Quando Evo Morales os acusou de fazerem o jogo do imperialismo, algo que Lênin evitou disparando contra Kornilov sobre os ombros de Kerensky, Jaime Solares lhe respondeu que “o único instrumento fiel do imperialismo internacional e servidor submisso do presidente da Venezuela, Hugo Chávez, é Evo Morales”, alimentando a fraseologia ultradireitista de que Evo Morales é um títere de Chávez. Disse exatamente isso. Outros grupos da esquerda radical, por sorte muito minoritários, têm chamado ao “boicote ativo desde referendo ilegal e reacionário”. Como o governo do MAS é frágil com a direita, como não a combate com as armas na mão. que ganhe a direita! Como se poderia catalogar semelhante reivindicação sem sugerir adjetivos qualificativos?
O governo da Bolívia sofre há muito tempo um permanente processo de desestabilização. A direita local, sob o manto do “autonomismo” e sustentada pela administração estadunidense, vem insistentemente golpeando no sentido de varrer do mapa o presidente indígena.

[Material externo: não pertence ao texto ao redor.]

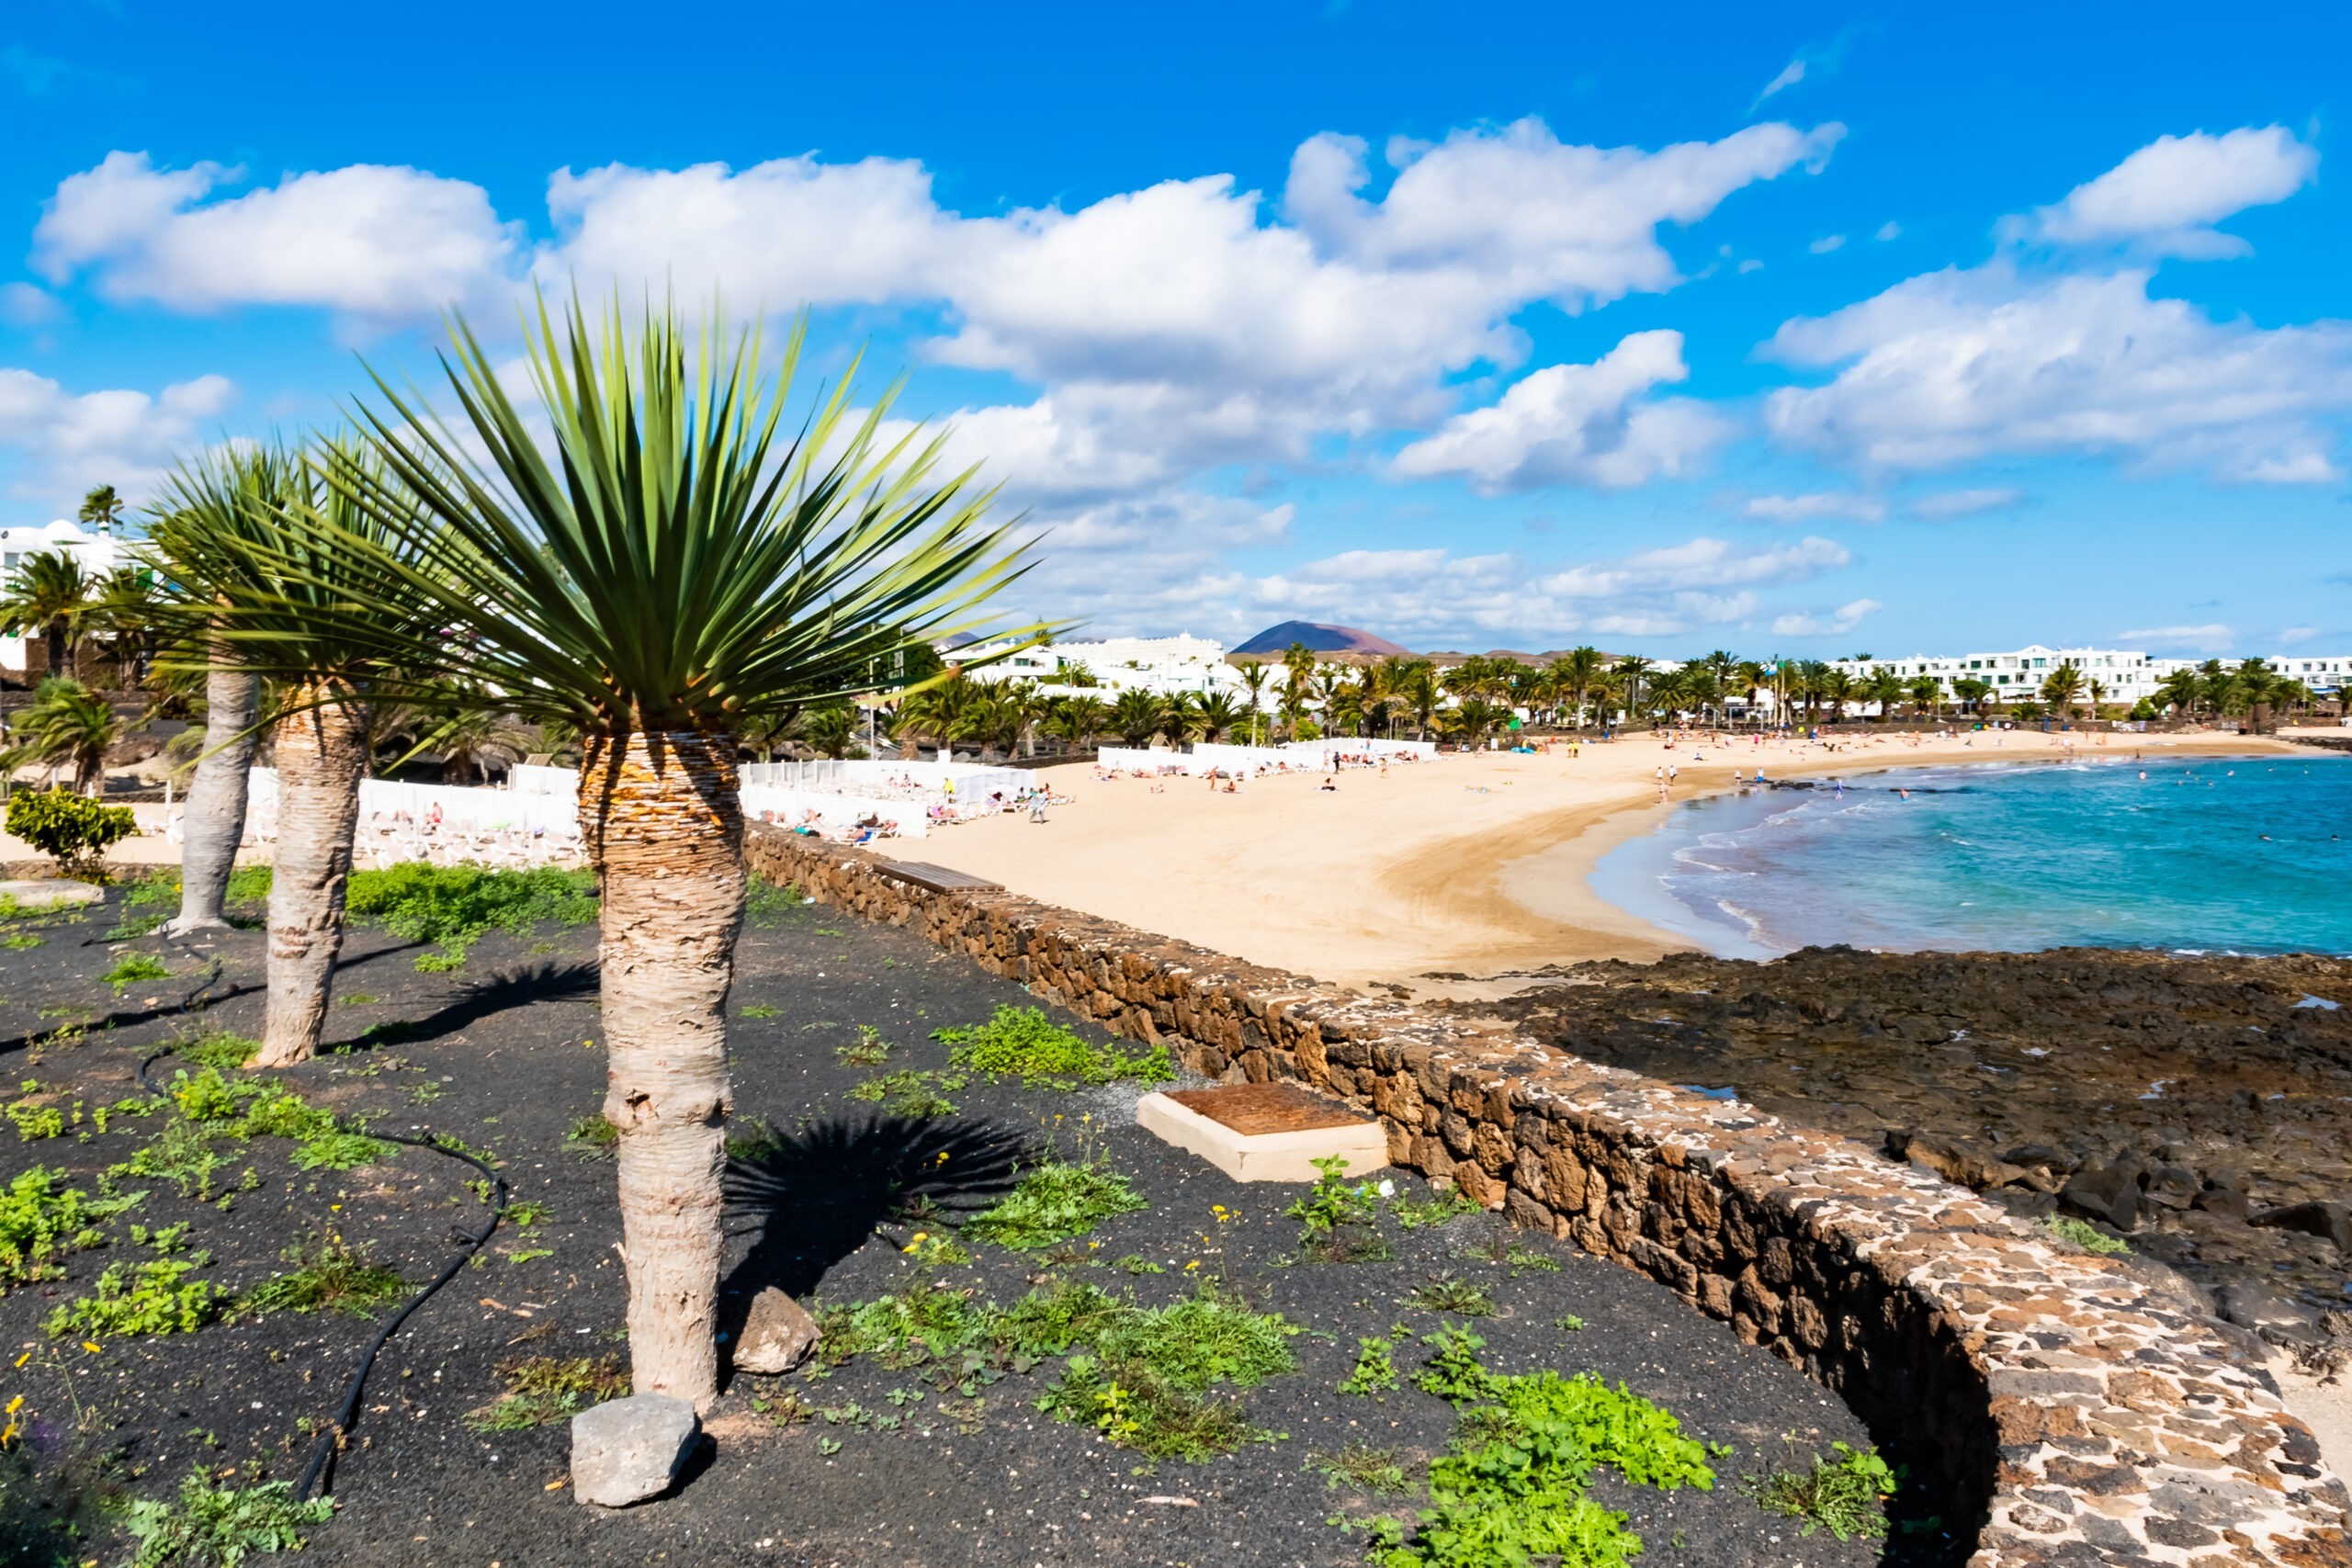 Piaszczysta plaża w Costa Teguise, Lanzarote, Wyspy Kanaryjskie, Hiszpania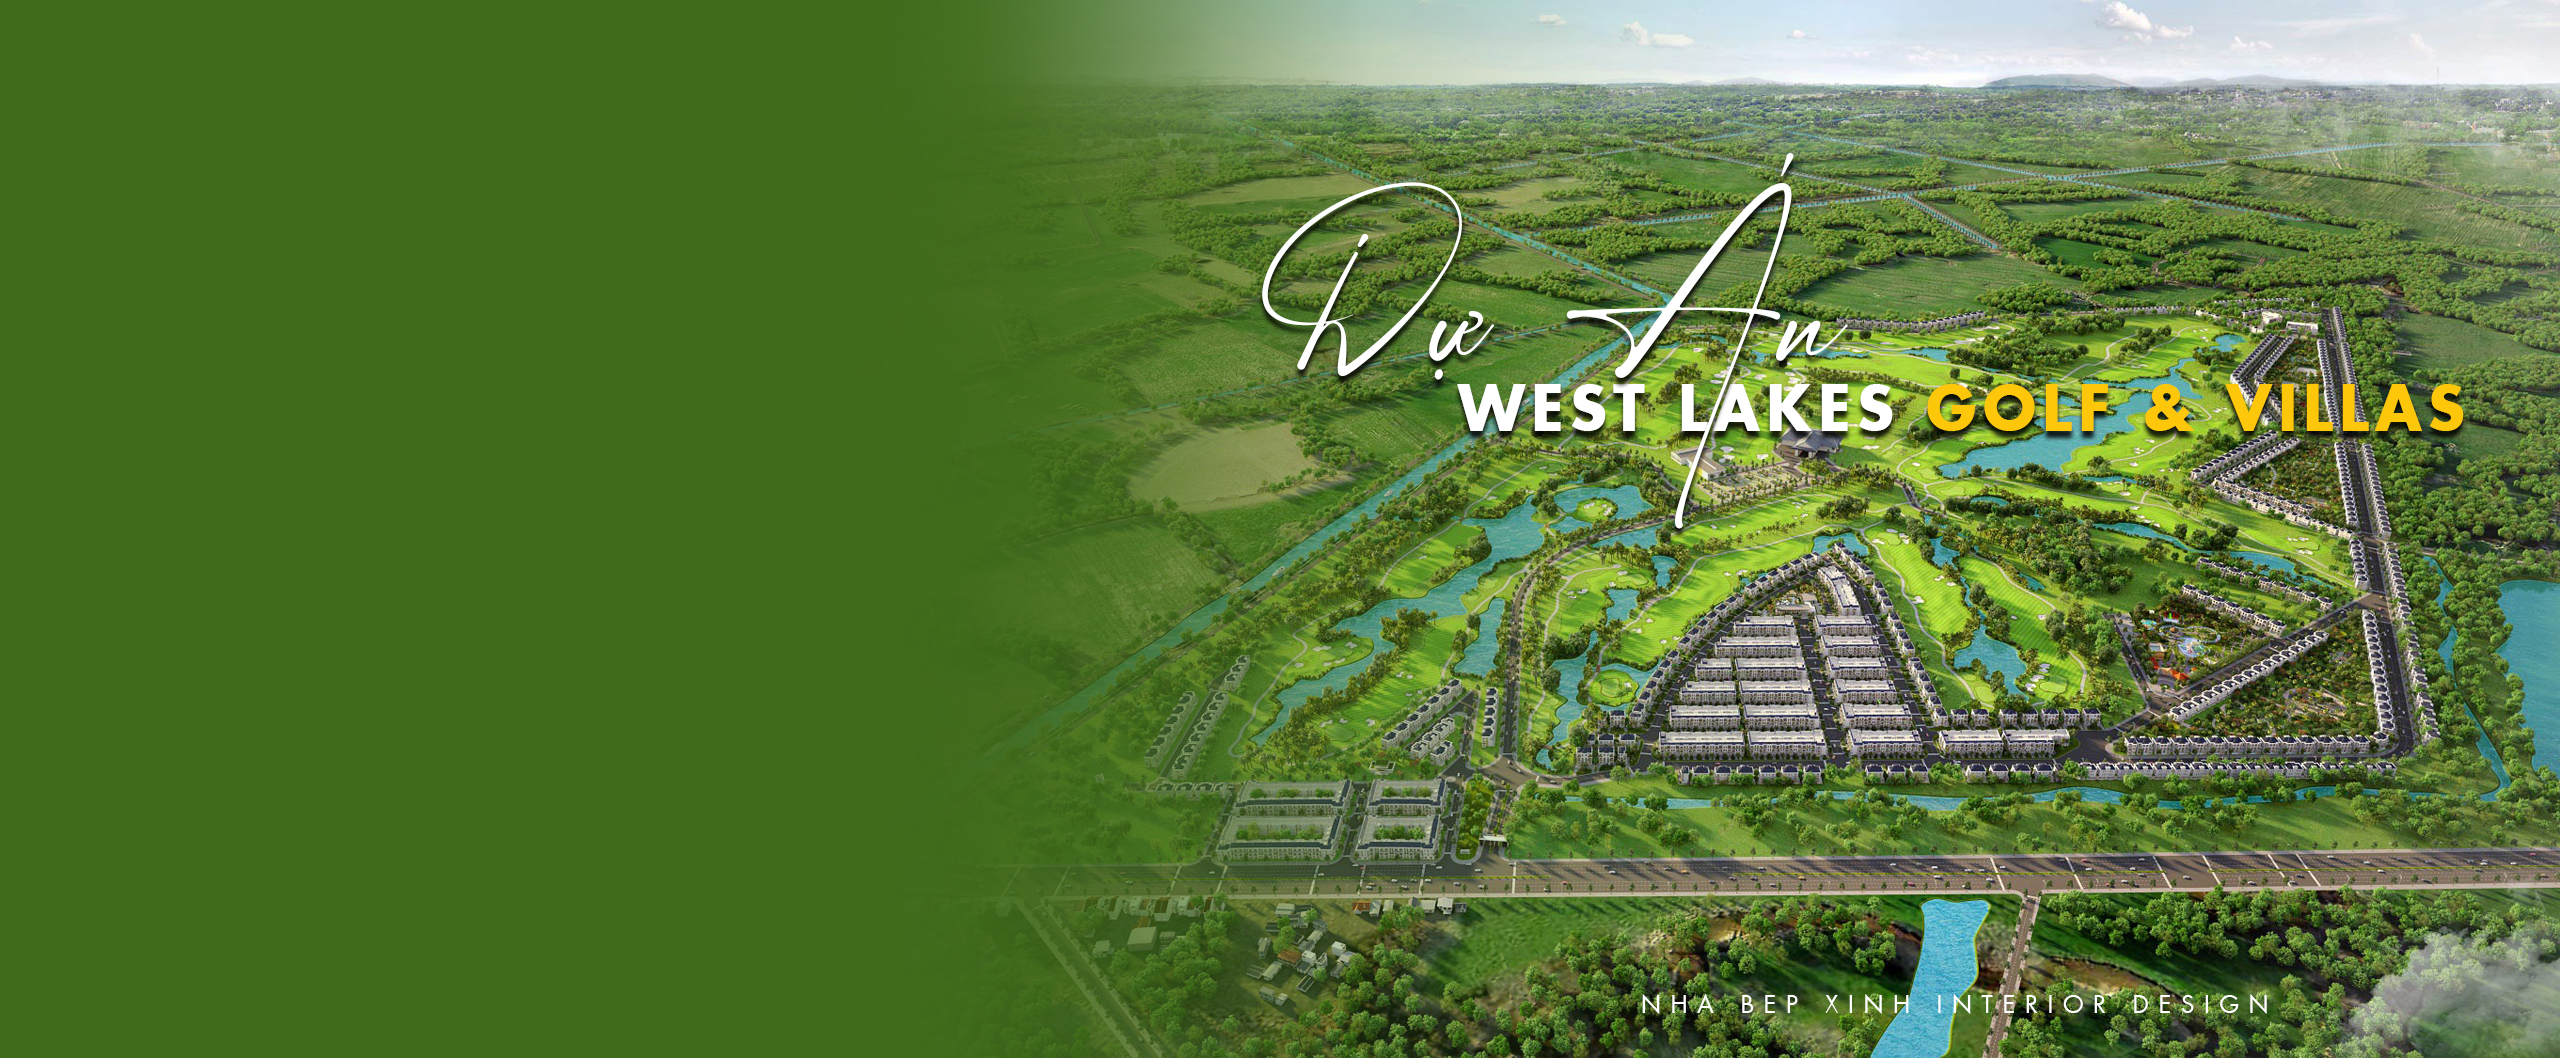 Du-An-West-Lakes-Golf-&-Villas-Long-An

A poucos dias do referendo revogatório, novas manifestações, greves de fome, bloqueios de aeroportos, piquetes e advertências de não pisar em Sucre, são outras tantas ações para impedir que se realizem finalmente as eleições, pois a direita unida é candidata a perder nas urnas. Ainda assim já disseram que, seja qual for o resultado, continuarão com seu plano autonomista. Ativistas cívicos e universitários de Tarija tomaram ontem o hotel El Sol, onde se alojariam militares venezuelanos. O Comitê Pró-Santa Cruz patrocina uma greve de fome “até que o governo nos devolva os fundos do IDH”, o Imposto Direto aos Hidrocarburos. Encabeçando o piquete, está o agroindustrial e presidente cívico Branko Marinkovic.
Certamente, para frear a direita é necessário adotar medidas mais radicais em todos os terrenos: a entrega de terras aos camponeses, a melhoria de salários e de condições de vida do povo e, inclusive, a mobilização popular mais ampla e combativa possível, algo com que Evo segue vacilando. Mas nada disso poderá ser promovido a partir de um caminho estreito e contrário ao caminho que o próprio povo boliviano já iniciou e sente como o seu caminho. A esquerda radical, se pretende ter algum papel que mereça ser resgatado pela história, poderá cumpri-lo na condição de saber em direção a quem e de onde se deve disparar nas circunstâncias atuais.
* Jorge Sanmartino é integrante do Economistas de Esquerda, da Associação Gramsciana e da Corrente Práxis.